Here is a simple example of Named Entity Recognition (NER) using the named entity recognition tool in the Natural Language Toolkit (nltk) library in Python:
import nltk
text = "Barack Obama was born in Hawaii. He was the 44th President of the United States."
tokens = nltk.word_tokenize(text)
entities = nltk.ne_chunk(tokens)
print(entities)
When I run this code in my Jupyter Notebook, I get this error.
"IndexError: string index out of range"
Am I missing any installation? Please advise.
Expected output:
(PERSON Barack/NNP Obama/NNP) (GPE Hawaii/NNP) (ORGANIZATION United/NNP States/NNPS)
nltk.ne_chunk
expects its input to be tagged tokens rather than just plain tokens, so I would recommend adding a tagging step between the tokenization and ne chunking via nltk.pos_tag
. ne chunking still would give you every token, chunked by entities if there are any detected. Since you want only the entities, you can check for if there is a tree in a particular chunk. Like the following:
text = "Barack Obama was born in Hawaii. He was the 44th President of the United States."

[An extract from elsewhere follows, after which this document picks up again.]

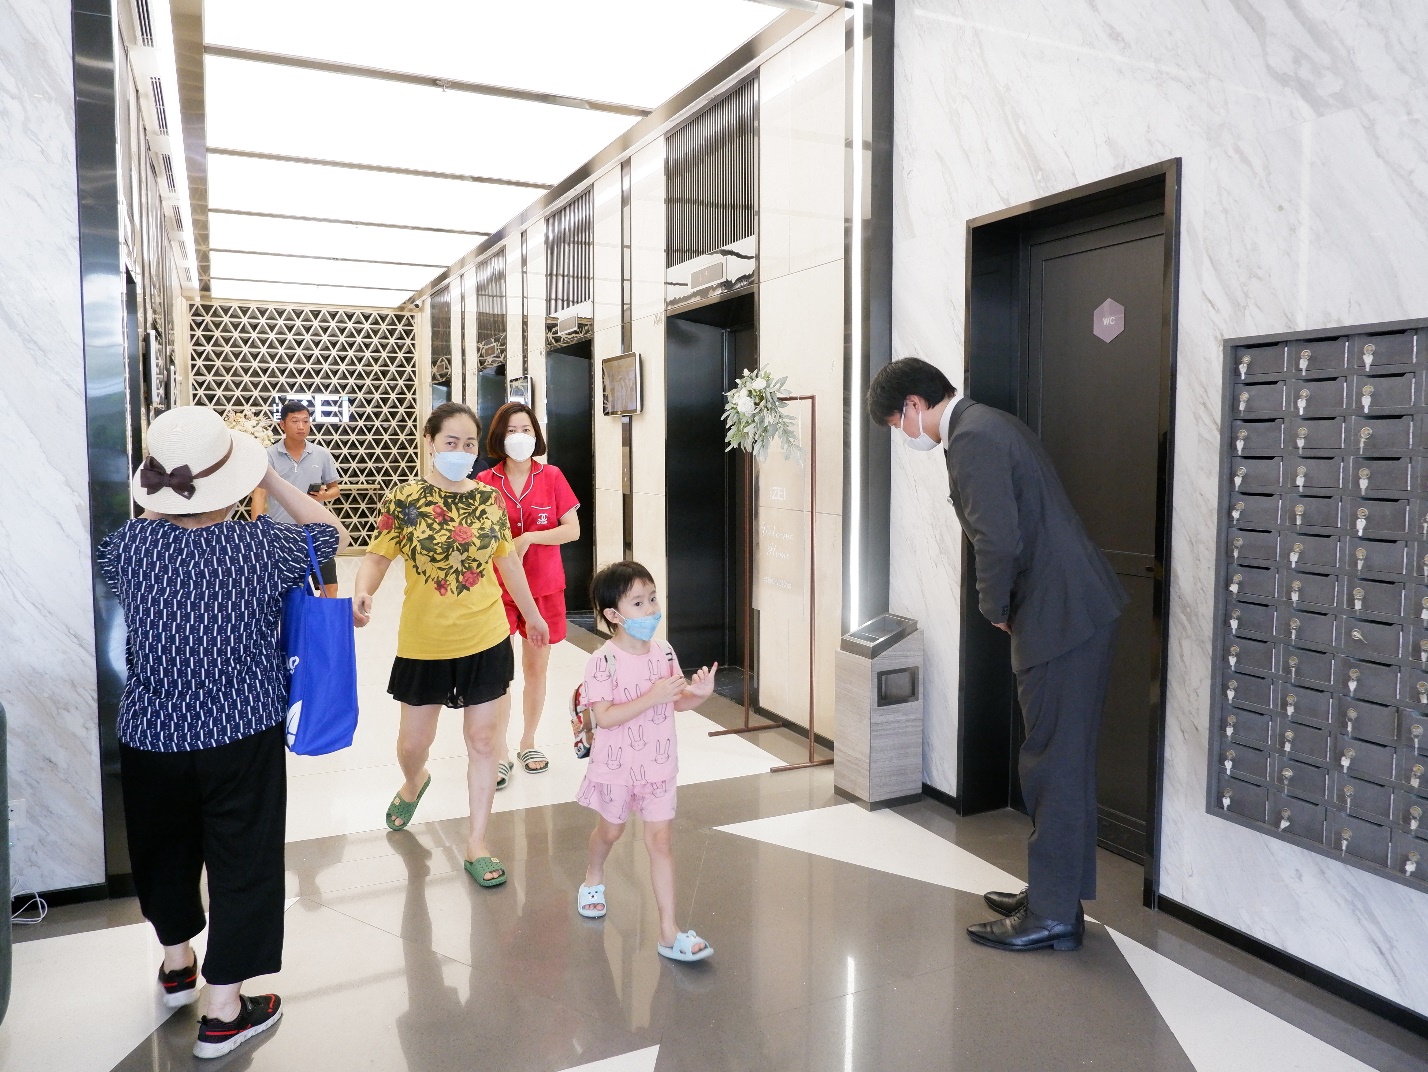 BLQ tòa nhà Nhật Bản cúi chào cư dân tại sảnh chung cư - Ảnh 1.

tokens = nltk.word_tokenize(text)
tagged_tokens = nltk.pos_tag(tokens)
entities = [chunk for chunk in nltk.ne_chunk(tagged_tokens) if isinstance(chunk, nltk.Tree)]
for entity in entities:
print(entity)
Please note that this code doesn't give exactly the output you want. Instead it gives:
(PERSON Barack/NNP)
(PERSON Obama/NNP)
(GPE Hawaii/NNP)
(GPE United/NNP States/NNPS)